Закрыв глаза, он потянулся губами к ее лицу, ощутил тепло и упругую мягкость ее губ, почувствовал, как расширяется площадь соприкосновения. Из желудка уже поднималась первая, пока еще робкая волна-предостережение. Макс сначала судорожно впился в плечи Натали, потом, чтобы отвлечь себя от ненужных ощущений, ощупью продвинулся к ее грудям. Но Натали схватила его руки и вернула их себе на плечи. Этот жест исключал разночтения — поцелуй должен был идти отдельным порядком, все попытки забежать вперед пресекались. Страсть Натали требовала некоего минимума самообладания. Даже на пути к экстазу для нее существовала определенная последовательность стадий, которые необходимо было пройти. Первой и важнейшей стадией был экстатический поцелуй.

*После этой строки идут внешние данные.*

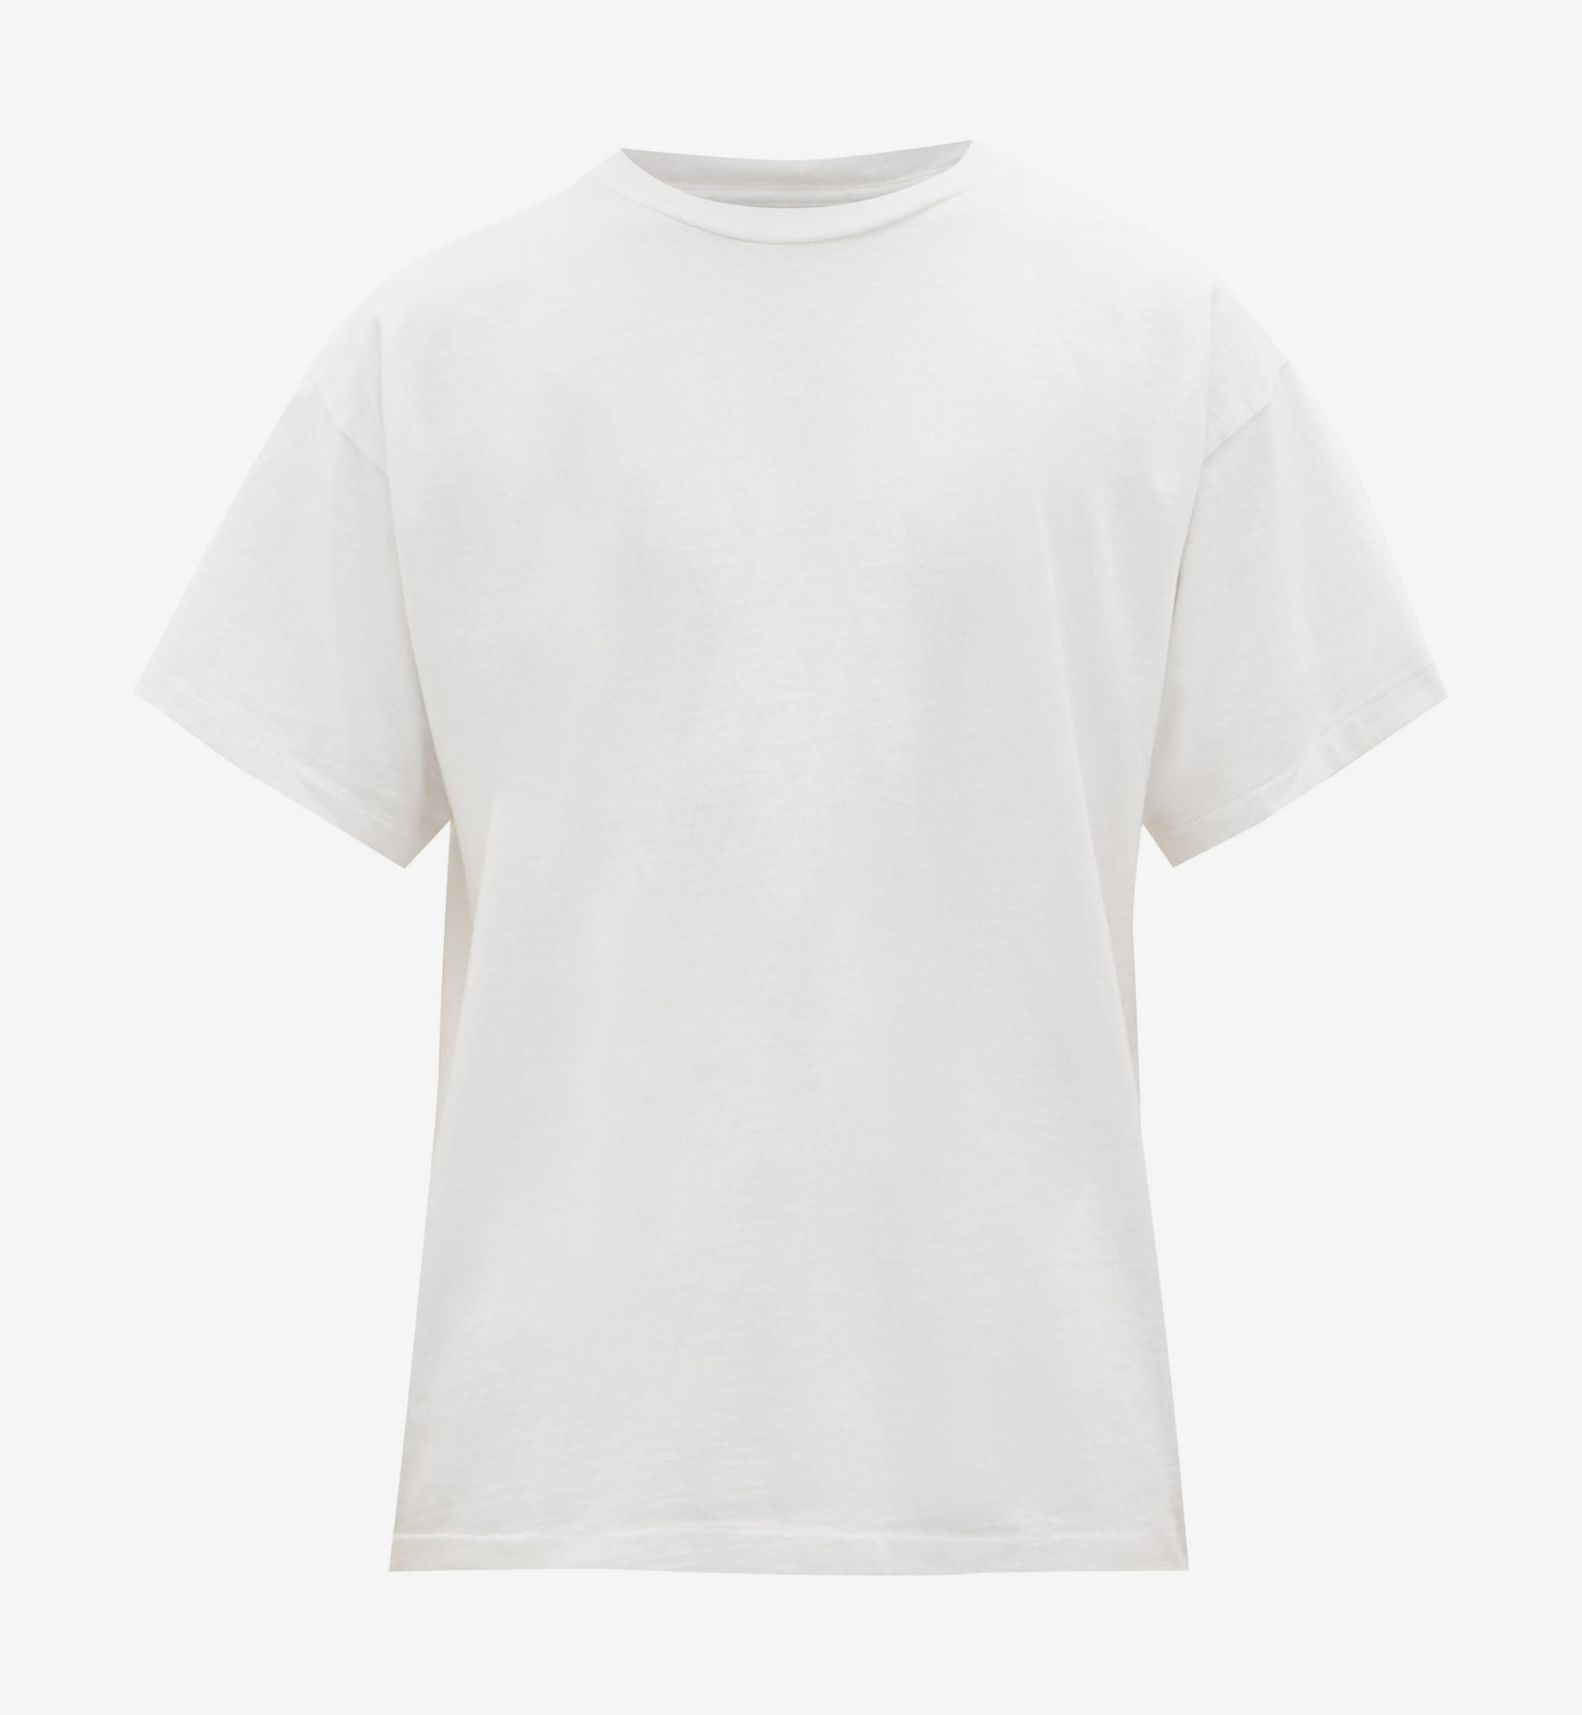 luxury white t shirt

Макс почувствовал на зубах ее язык, пытавшийся установить контакт с его языком. За этим последовала уже вполне ощутимая волна тошноты. Он испуганно распахнул глаза и увидел красивое, расслабленное лицо, ничего не подозревающее о его растущем отчаянии. Натали была погружена в себя, у нее все уже происходило на другом уровне — без мыслей, без намерений, без преград. Она полностью отдалась мгновению. Для нее поцелуй был чистым сексом.
И вот ее язык коснулся его языка и совершил вокруг него первые несколько оборотов. Макс почувствовал в себе до боли знакомую, беспощадную борьбу: возбуждение боролось с тошнотой. Вторая волна, тяжело поднимающаяся из глубин желудка, лишила его сомнений относительно того, кто в этой борьбе через мгновение опять станет неоспоримым победителем. Он оторвался от губ Натали и откинулся на спинку дивана. Он знал, от чего любой ценой должен был, но не мог избавить ее и себя, и с покорностью обреченного ждал катастрофы.